Windows 7: the licensing mess continues
There’s a fabulous new document on Microsoft TechNet entitled “The 10 Things to Do First for Windows 7”, which is an excellent checklist on what you need to think about doing in your organisation before you move to Windows 7.
I was particularly thrilled to read “Section 3: Plow through licensing”.
Now maybe I am just being a stick-in-the-mud, and I accept it is a Monday morning and I have a headache, but my headache is made worse by reading this:
3. Plow through licensing.
If your organization didn’t deploy Vista, you may not be familiar with the latest volume-activation requirements in Windows. If you’re an admin in an enterprise with more than 25 desktops and/or five servers, if your organization takes advantage of a volume-license program such as an Enterprise Agreement or Select Agreement, and if you purchase Windows 7 Professional or Ultimate (or you upgrade to those versions as part of Software Assurance), you should do the following: Print out a short stack of Volume Activation documents from tinyurl.com/volact, pour yourself a few ounces of a bold Tuscan wine and start studying.
When you eventually declare yourself completely confused, download an excellent webcast by product manager Kim Griffiths, who does a great job of explaining the program’s nuances. You’ll find the webcast at tinyurl.com/volactwebcastwin7.

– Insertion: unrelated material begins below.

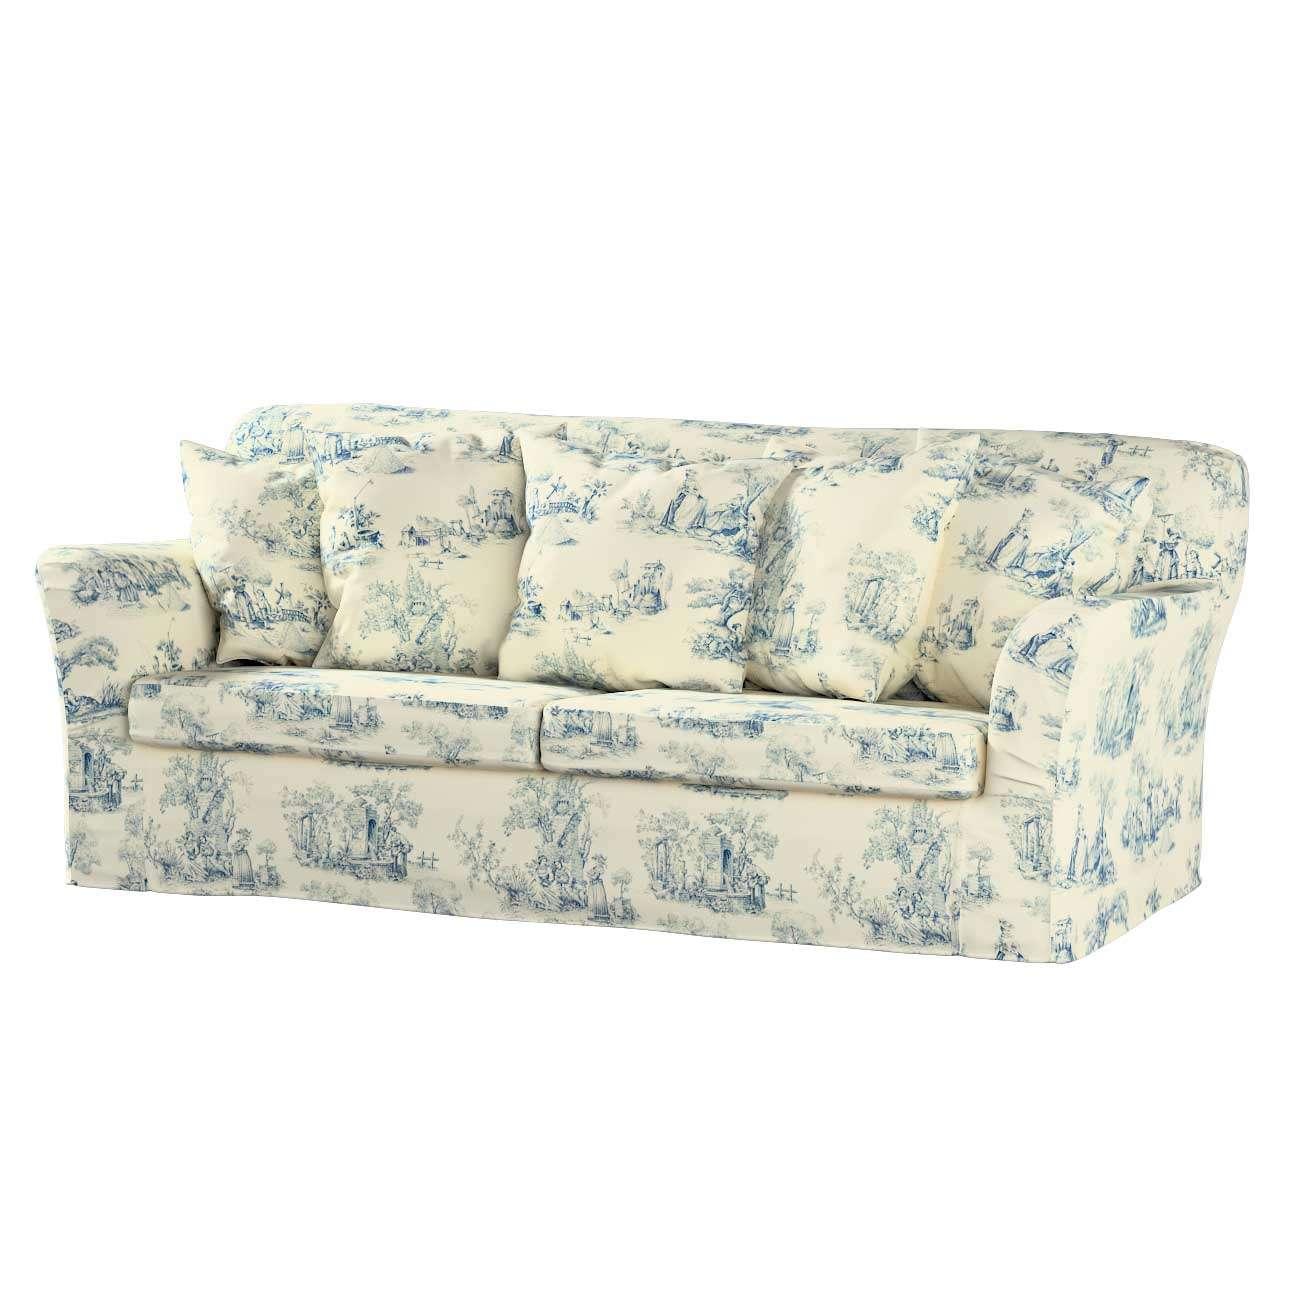 TOMELILLA trivietės sofos lovos užvalkalas TOMELILLA trivietė sofa lova kolekcijoje Avinon, audinys: 132-66

In brief, to deploy Windows 7 desktops using volume licenses, you’ll probably need to install a Key Management Server (KMS). I say “probably” because you may not have enough machines in your organization to support KMS activation. A KMS won’t begin doling out activation approvals until it receives requests from at least 25 desktops and/or five servers. That’s to prevent unscrupulous vendors from using the same volume-license key for multiple small clients. Once activated, a client must reactivate every six months. Despite what you may have read elsewhere, there’s no reduced functionality mode in Windows 7. If the activation key expires, the desktop background simply goes black and a notification balloon states that the operating system isn’t genuine.
If you have fewer than the required number of devices for a KMS, you can obtain a Multiple Activation Key (MAK) that’s stocked with activation allocations based on the number of volume licenses you purchase, plus a fudge factor that allows you to add machines between true-ups. An MAK key is authenticated by a Microsoft hosted service, so you’ll need Internet access following the OS installation.
A change introduced with Windows 7 and Windows Server 2008 R2 now allows virtual machines to count against the KMS minimum for activation. This helps to boost your device count if you’re a small shop that uses lots of virtual desktops and servers.
If you already have a KMS for Vista and Windows Server 2008, you’ll be able to download an update for activating Windows 7 and Windows Server 2008 R2 machines.”
And at this point, just how many IT managers, especially in smaller companies, are going to say “fuggit” and go to the pub instead?